MEXICO CITY, Jan 9 (Reuters) - Mexico’s economy should grow by more than 5 percent per year in the second half of President Enrique Pena Nieto’s 2012-2018 administration thanks to economic reforms, Finance Minister Luis Videgaray said on Thursday.
In 2013, Congress passed a series of measures aimed at lifting Mexican growth, which has lagged that of regional peers for years. The reforms stretched from the telecoms sector and tax changes to ending the country’s 75-year-old oil monopoly.
“We expect that once these reforms are applied we’ll get to the second part of President Enrique Pena Nieto’s administration growing consistently above five percent,” Videgaray told Mexican broadcaster Televisa in a wide-ranging interview.
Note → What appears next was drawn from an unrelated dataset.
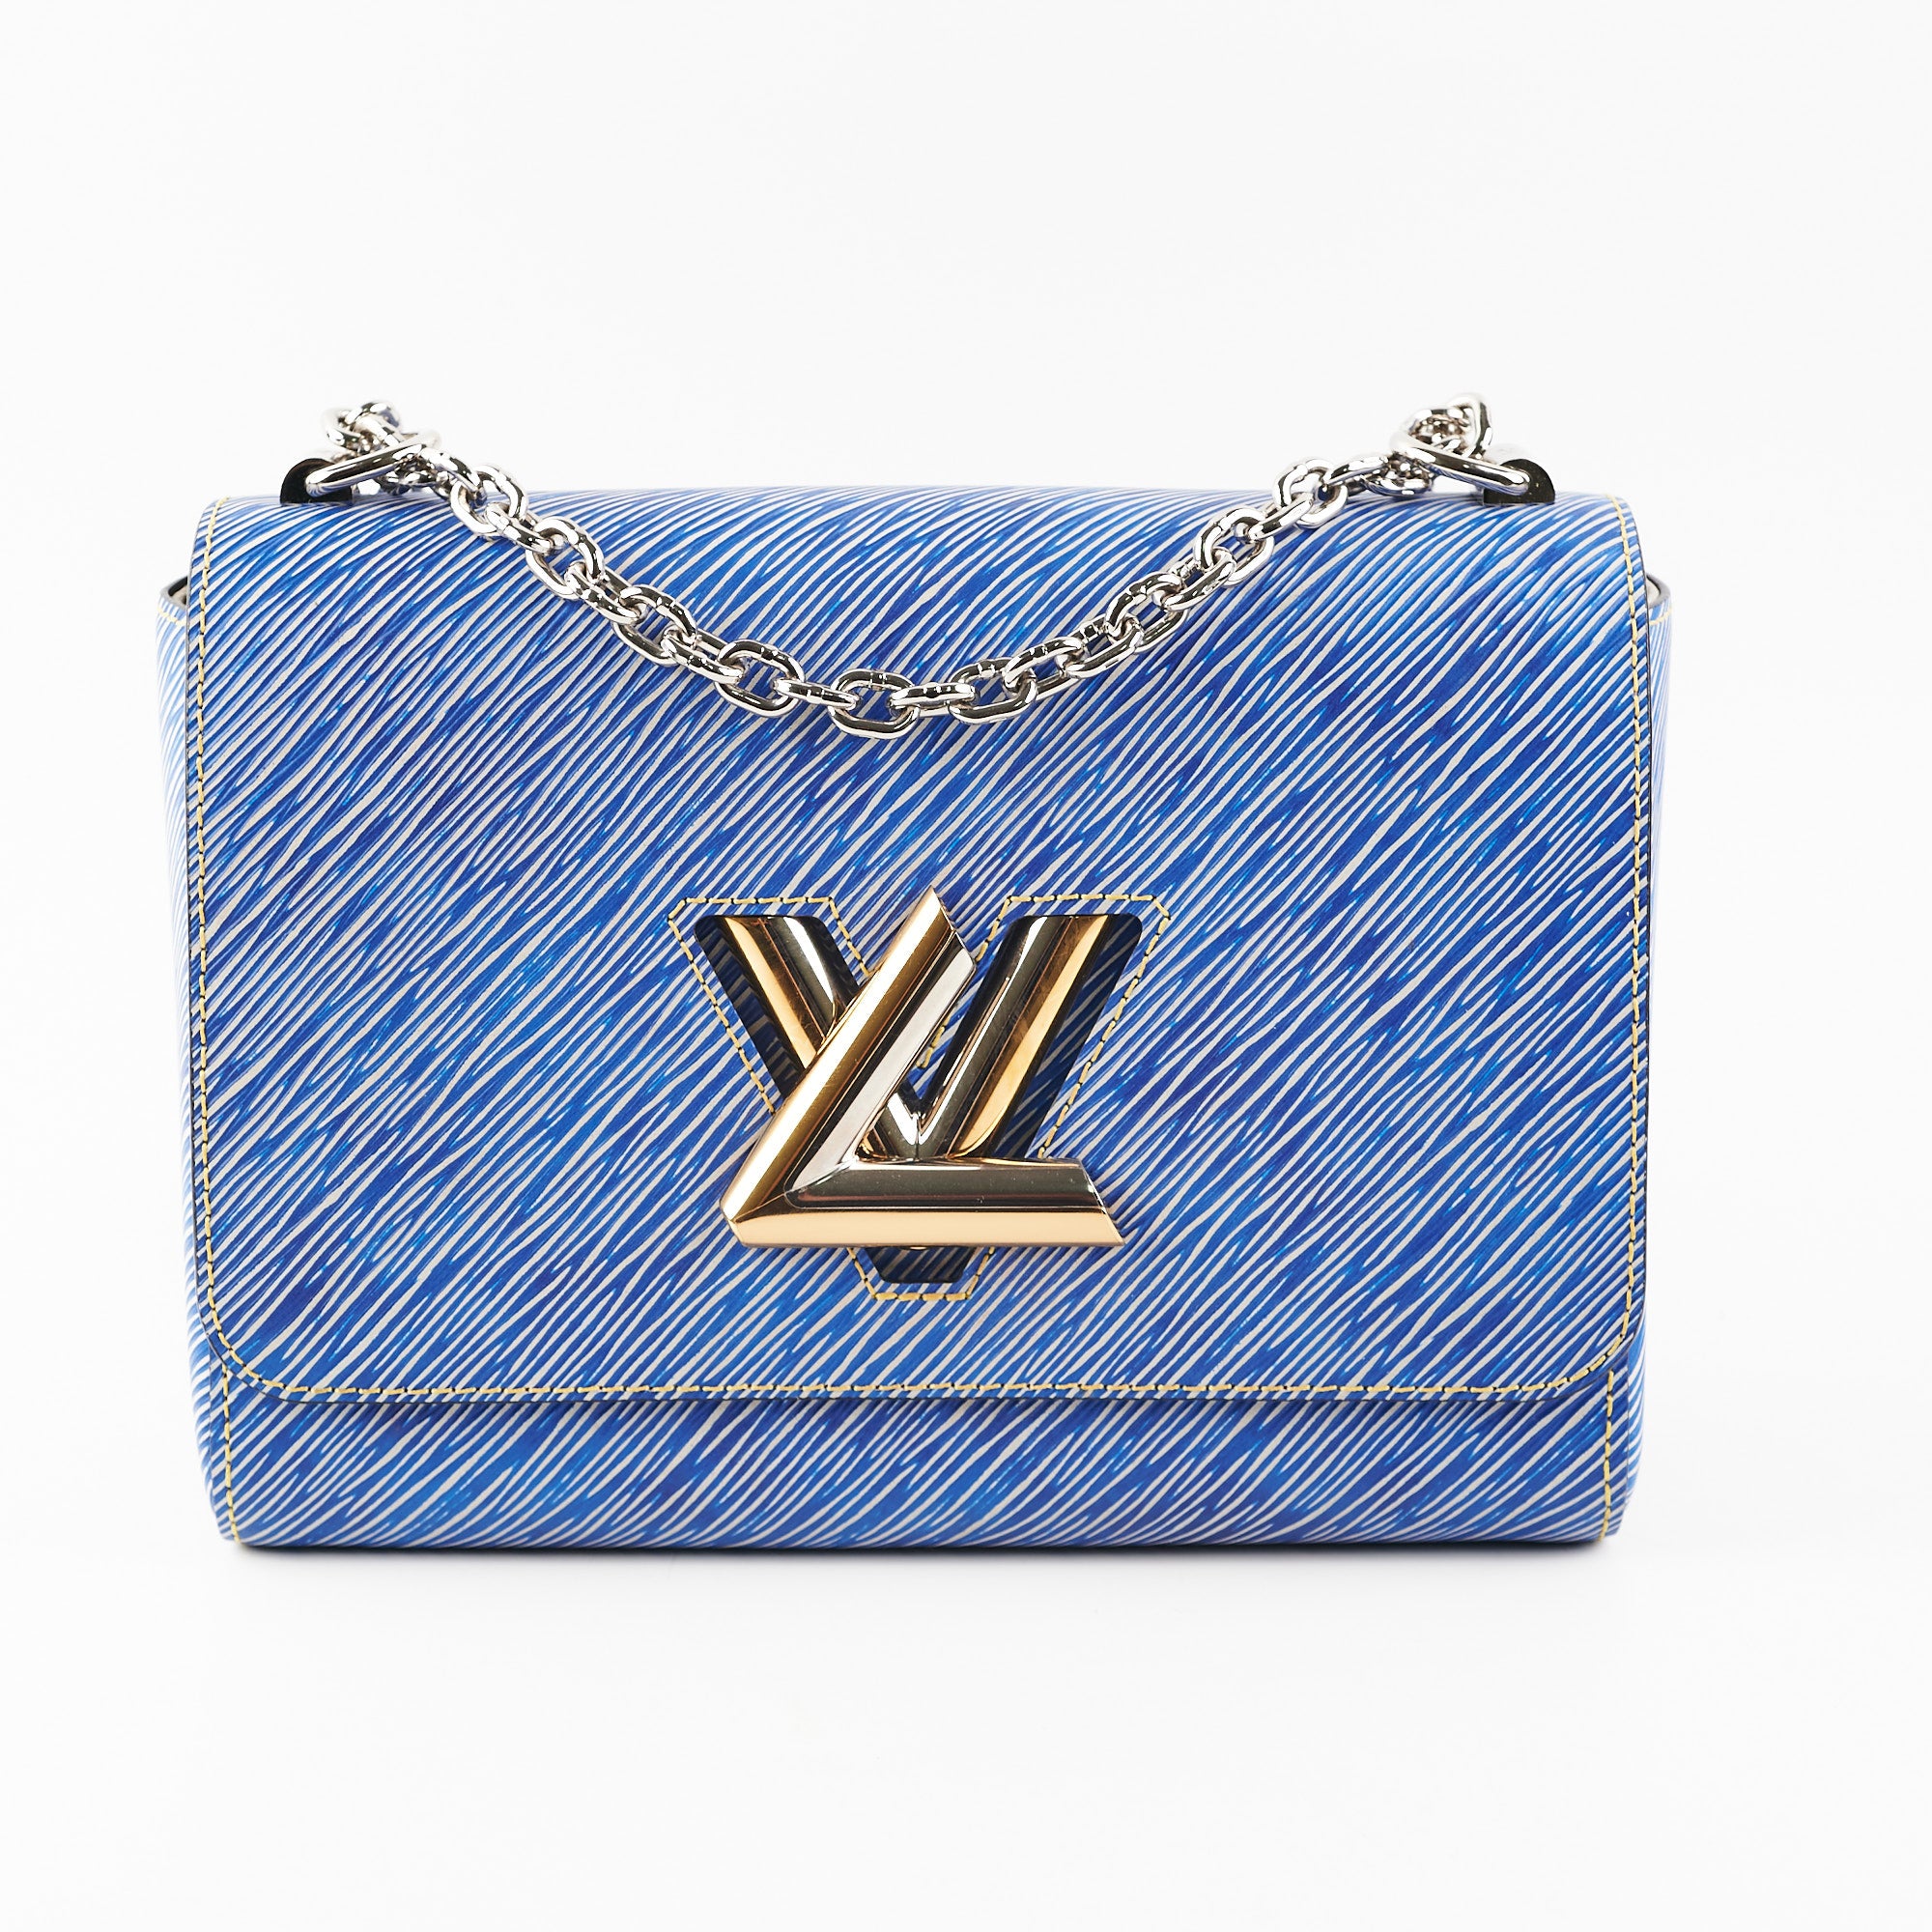 Shop Louis Vuitton Twist mm (M59402, M59403, M59627) by lifeisfun

Pena Nieto, 47, took office in December 2012 and is due to serve a single six-year term. The mid-point is December 2015.
The government has forecast growth of nearly four percent in 2014 after a sharp economic slowdown last year. Final data for 2013 have yet to be published, but analysts’ forecasts suggest Latin America’s no. 2 economy expanded about 1.3 percent.
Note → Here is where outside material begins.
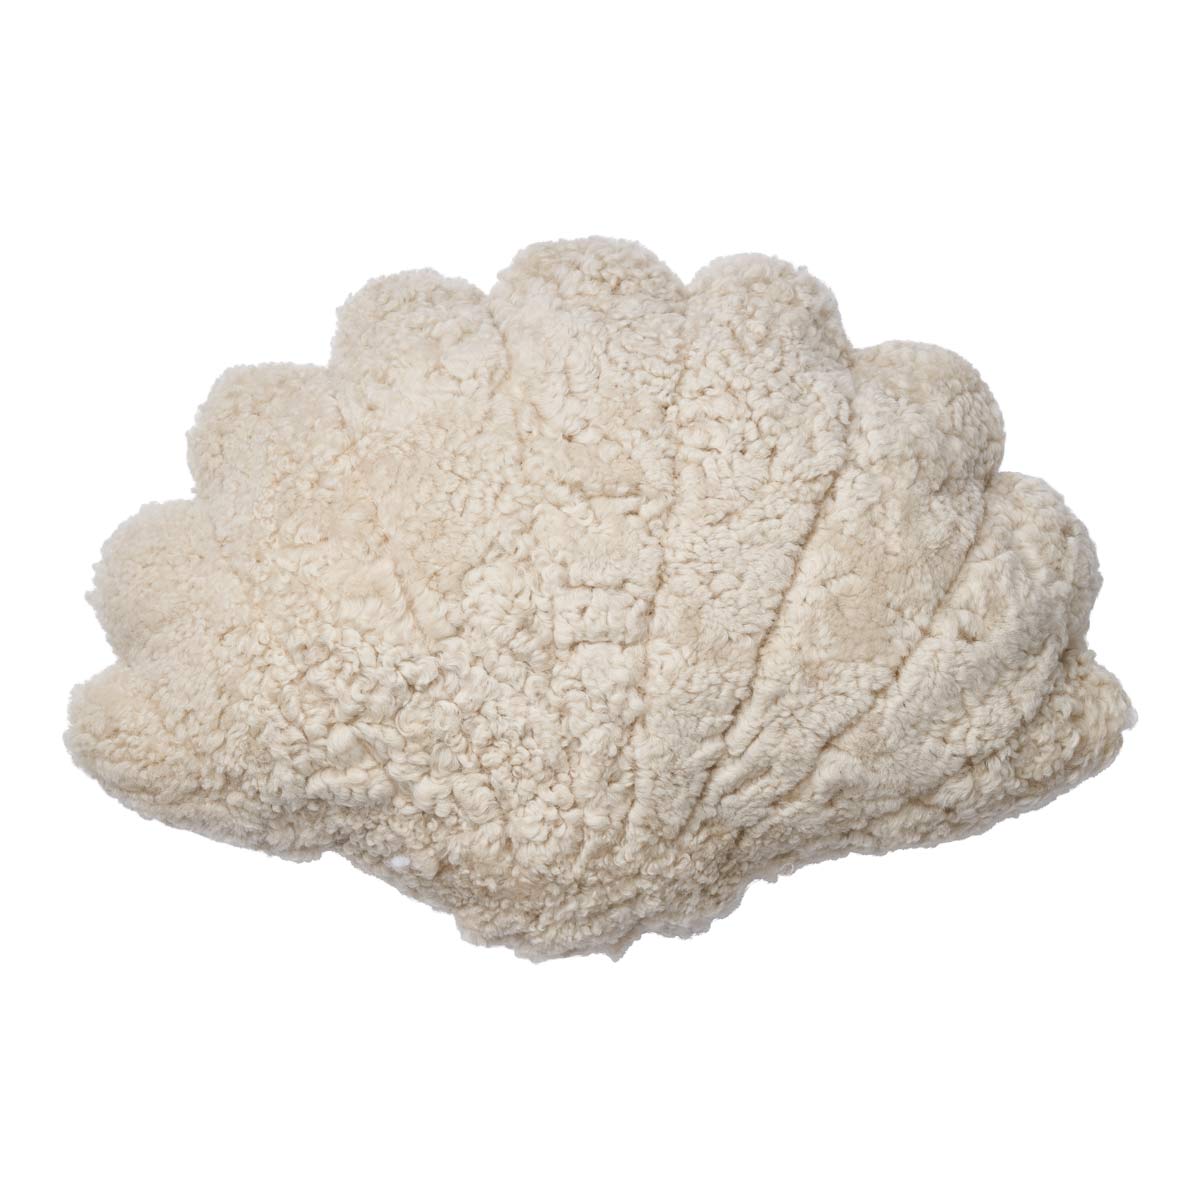 Mussel pillow | Lambskin | New Zealand | 35x50 cm.

Congress must still pass so-called secondary laws to implement the energy reform and the sweeping shake-up of the telecoms sector, which among other things aims to curb the power of billionaire Carlos Slim’s telephone giant America Movil .
Implementing the reforms is the “greatest challenge” now facing Mexico, central bank governor Agustin Carstens told newspaper El Financiero in an interview published on Thursday.
Videgaray was confident that consumers and small and medium-sized businesses would start to feel the benefits of the telecoms reform from 2015 in the form of lower mobile phone costs. “Without doubt, due to competition,” he said.
Turning to the energy reform, the finance minister said Mexico needed to find $20 billion to $30 billion in additional investment per annum for the energy sector.
“We hope it’ll come with the energy reform,” he said.